More than half a billion dollars have been invested in security token infrastructure so far. This build-out is crucial for the industry’s future, as infrastructure requirements for security tokens will be different compared to unregulated ICO markets.
As of March 25th, 2019, more than $500,000,000 have been invested into the security token industry, according to Security Token Group. And the number will likely increase over the next years.
This number is not based on exact science, as the definition of “security token industry” may vary. But Security Token Group delivers a breakdown of where exactly the money had been invested (see below).
The study shows the kind of firepower that is already behind the still nascent industry. Sure, compared to the size of traditional trading infrastructure, half a billion dollar is merely a drop in the ocean. But considering how young the industry is, and considering that most people, including professional investors, still don’t know what a security token even is, the number is quite significant.
Infrastructure enables liquidity
The early days of ICOs have seen more of wild-west mentality that was far off from what a professional investment landscape looks like. Investors often put their money on the table before a single line of code had been written.
On the contrary, security tokens are regulated investment vehicles, attracting more professional investors. STO retail investors and especially institutional investors are not likely to pile-in before they know what the exit strategy will look like.
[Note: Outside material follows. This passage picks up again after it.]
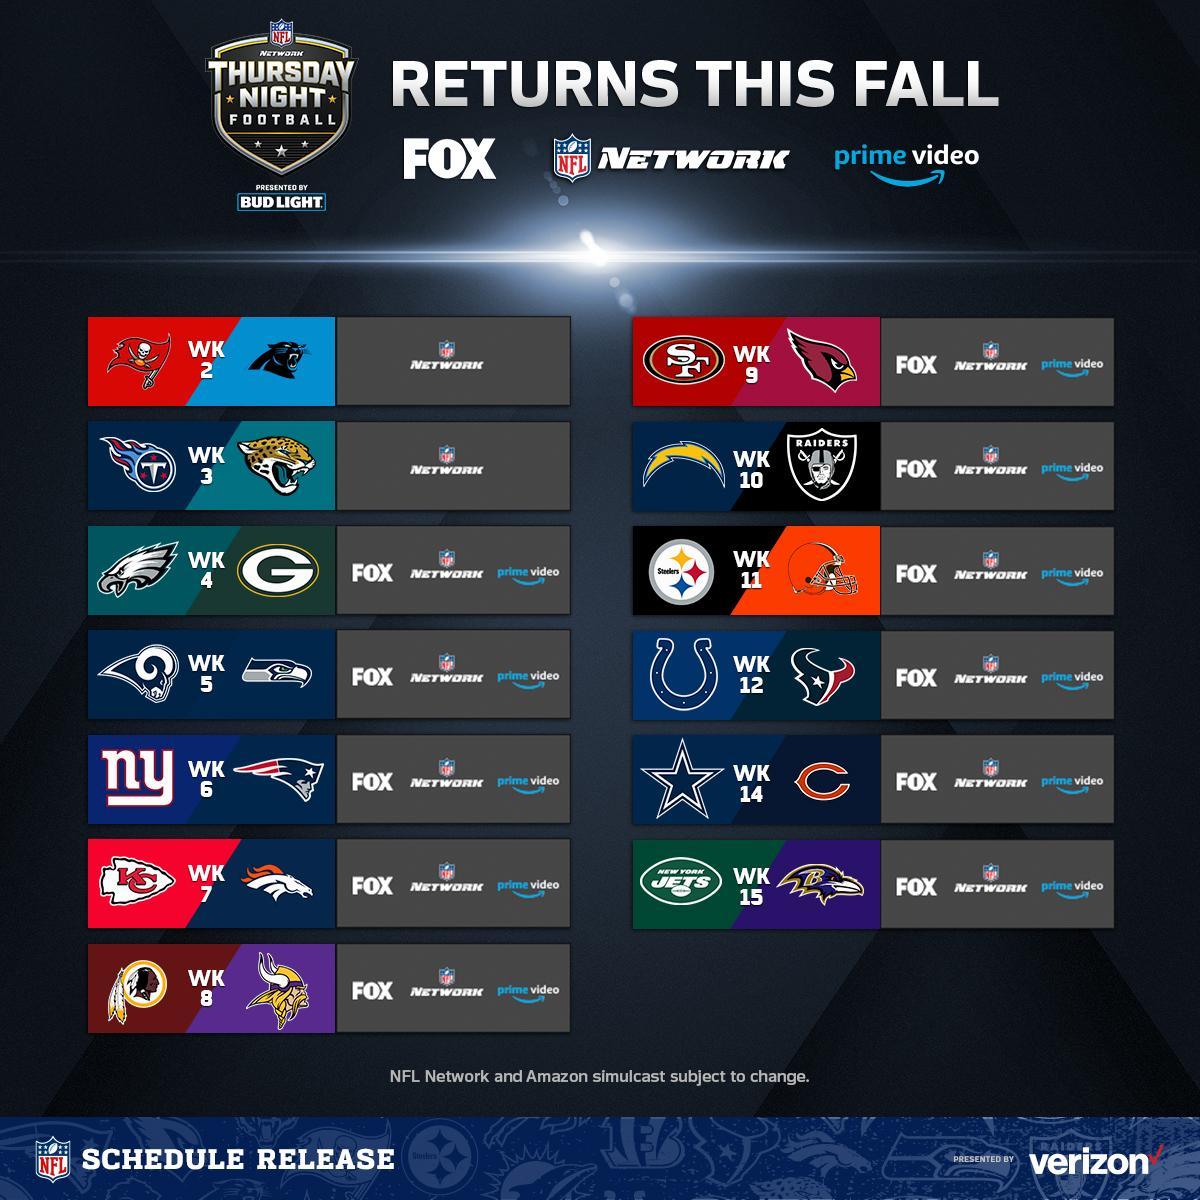 Thursday Night Football!  #NFLScheduleRelease  (by @verizon)<br>http://pic.twitter.com/s30pUJSYg6

Thus, before the market can attract significant volume, the infrastructure needs to be developed to the point that investors understand not only how they can get in, but also how they can get out.
In the past, some have compared blockchain infrastructure with railway lines, which is misleading. Trains go into one direction and then come back using the same line. Investment infrastructure needs to be circular, more like a horse race track. Security tokens need a completed circuit to attract liquidity. Investors need to know how to buy and sell their assets. If they can only buy, without knowing when and how they can sell, they won’t be interested.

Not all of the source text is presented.